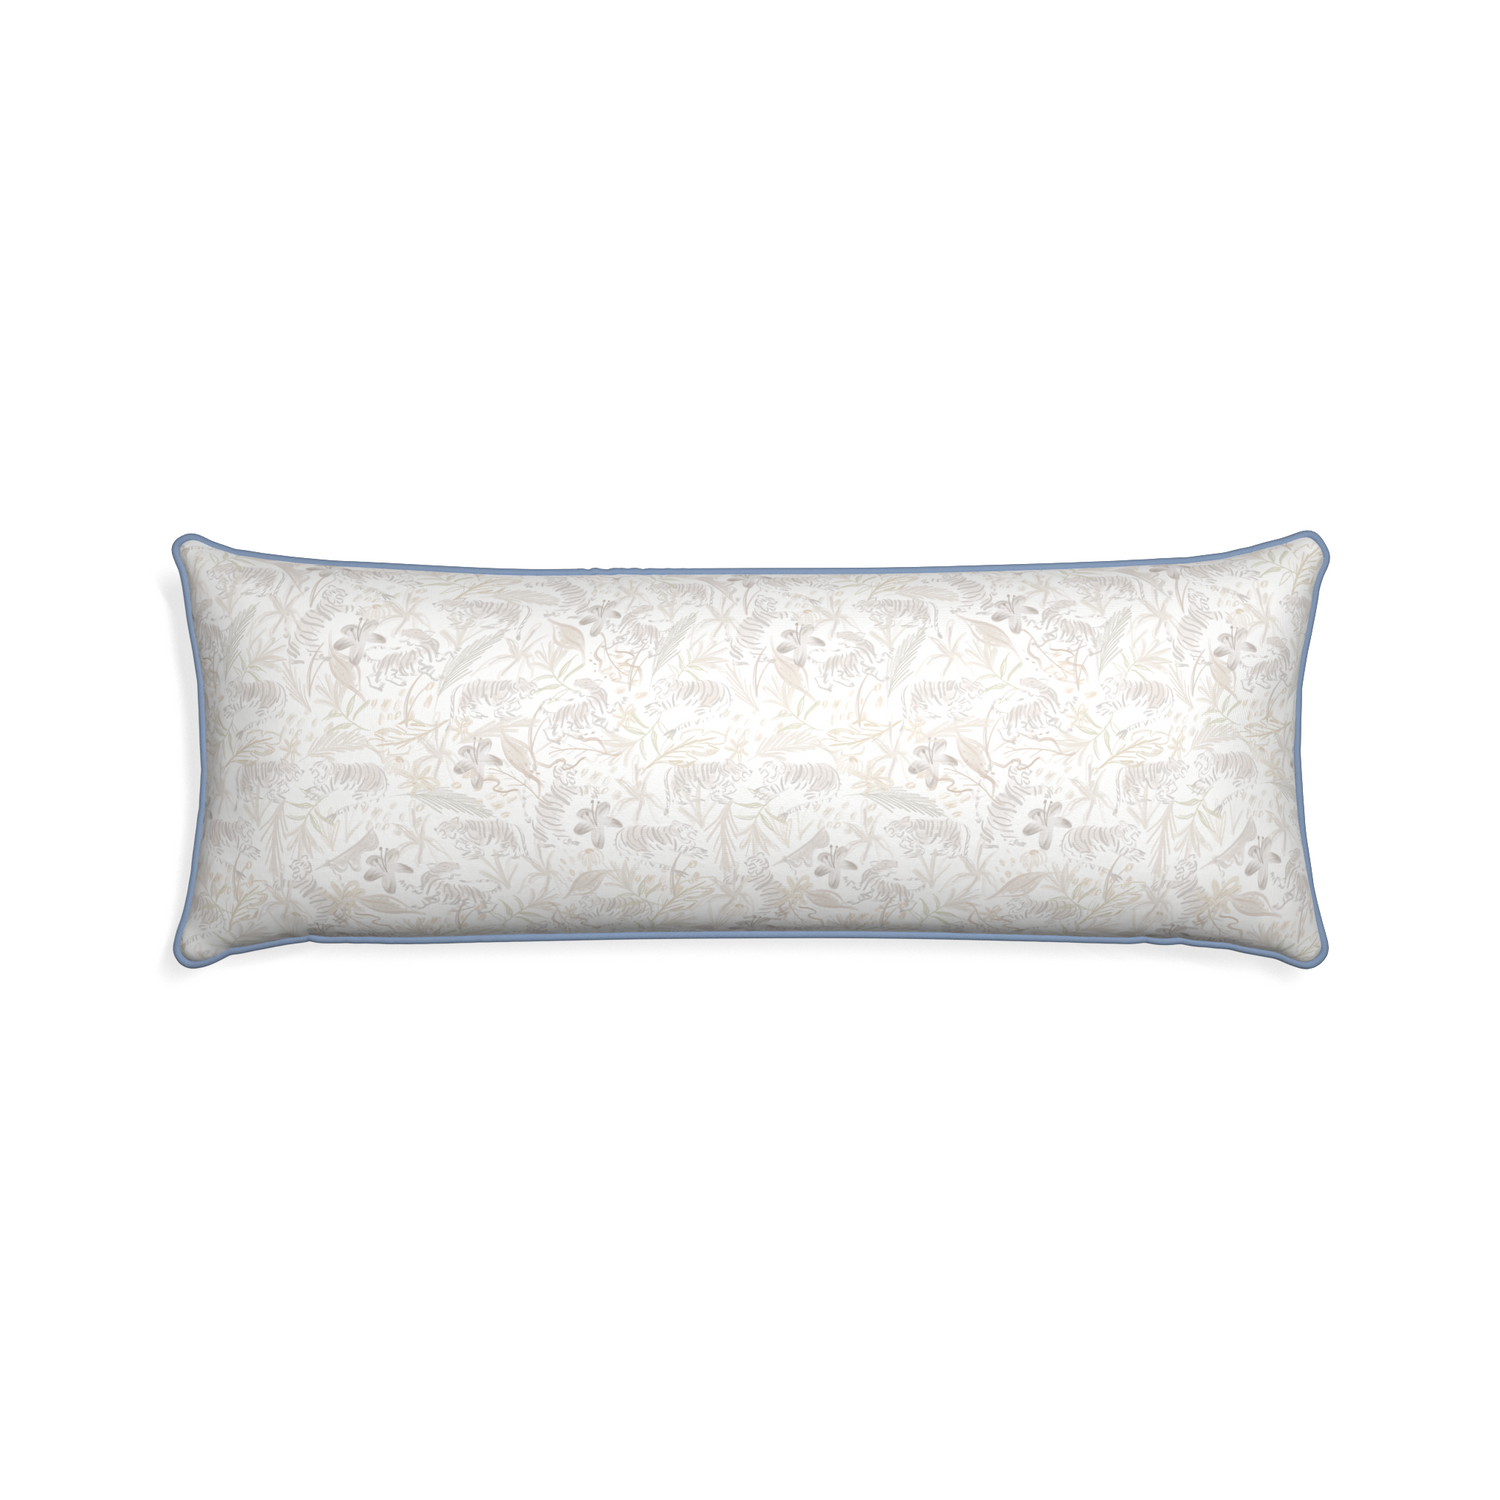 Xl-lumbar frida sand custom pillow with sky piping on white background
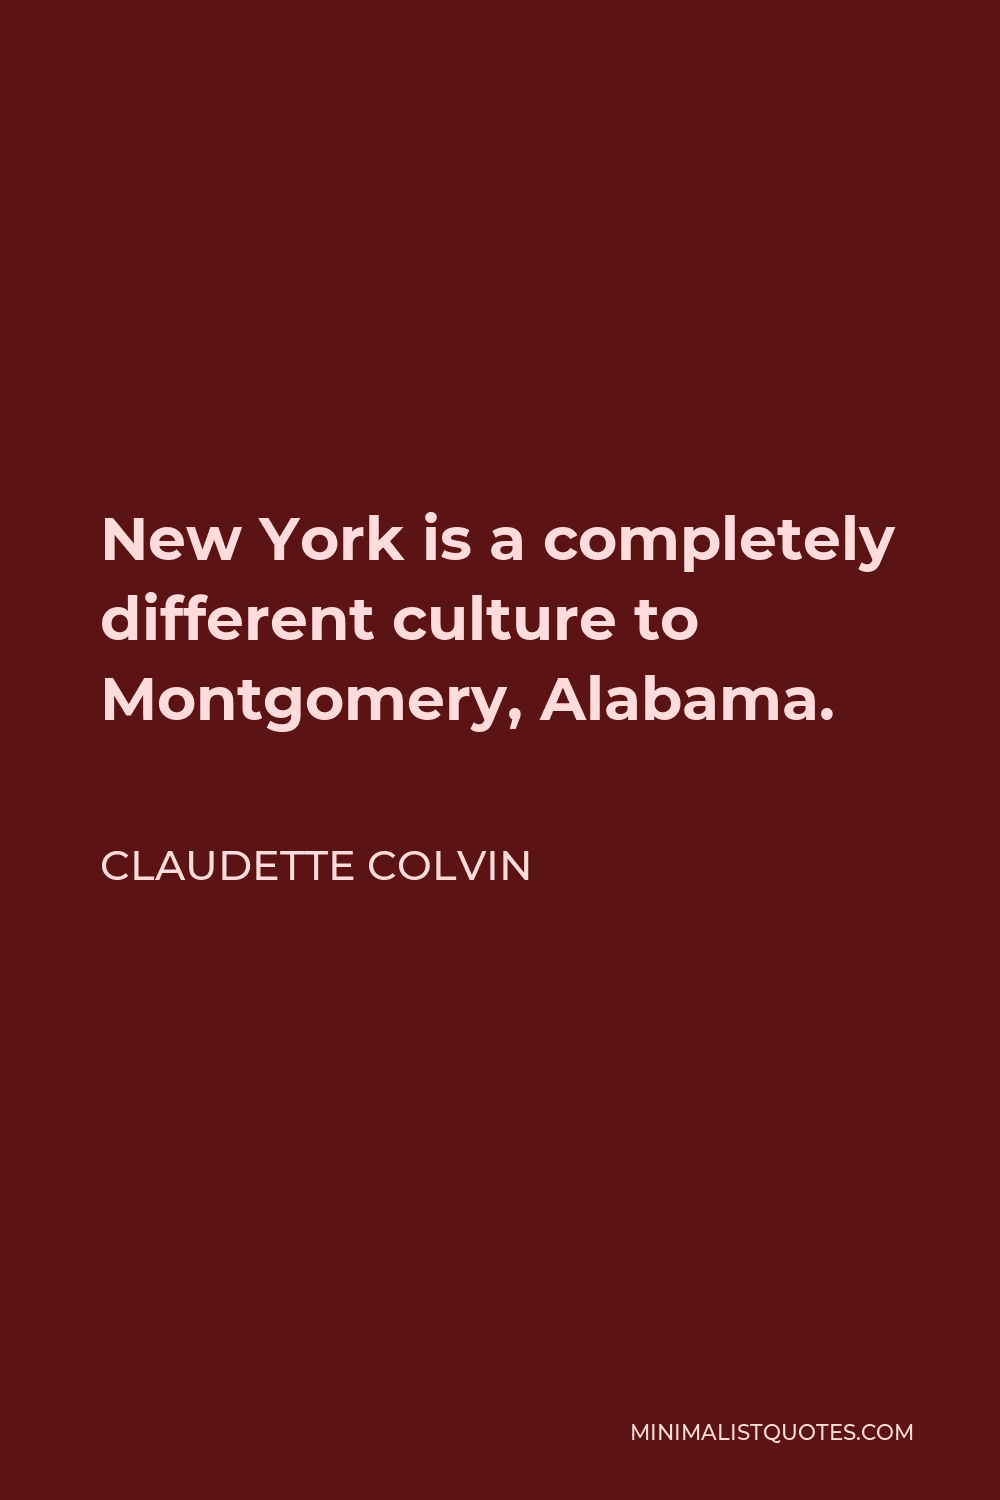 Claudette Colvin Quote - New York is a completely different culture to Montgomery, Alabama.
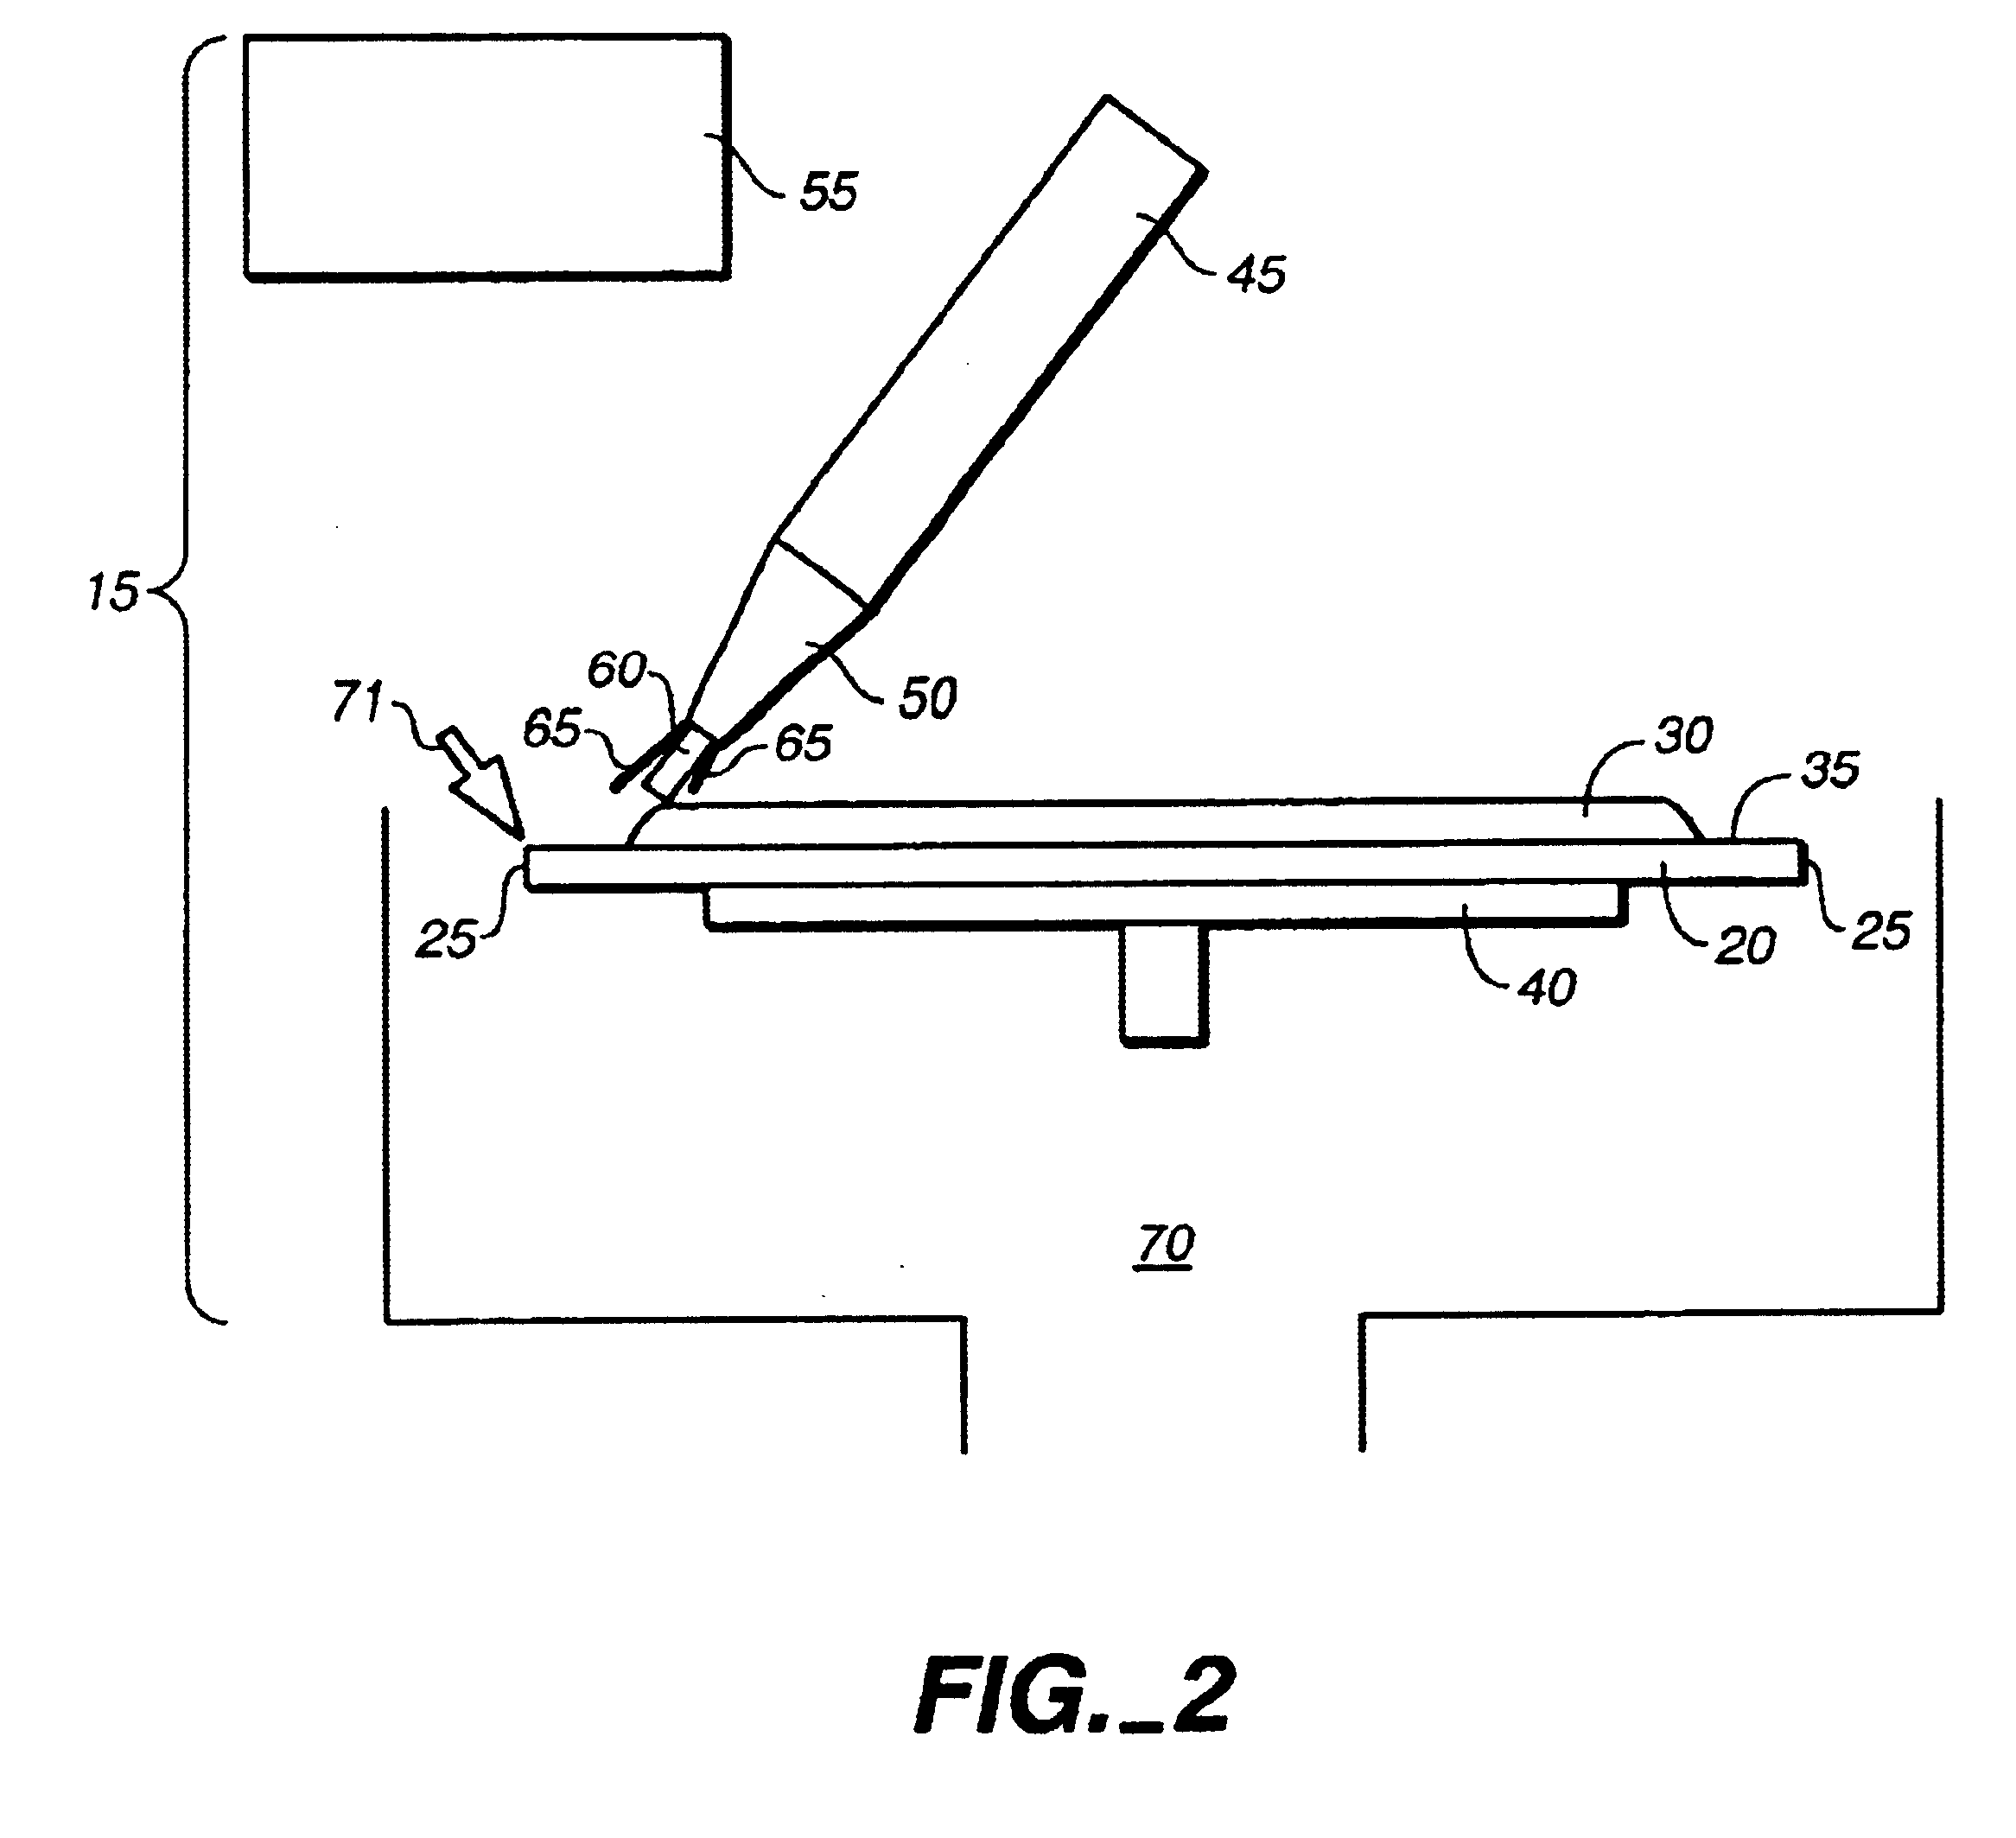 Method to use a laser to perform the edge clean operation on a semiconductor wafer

- _Your goal_
Excluding pictures, print all lines above exactly.

- _Completed exercise_
 Xl-lumbar frida sand custom pillow with sky piping on white background
 Claudette Colvin Quote - New York is a completely different culture to Montgomery, Alabama.
 Method to use a laser to perform the edge clean operation on a semiconductor wafer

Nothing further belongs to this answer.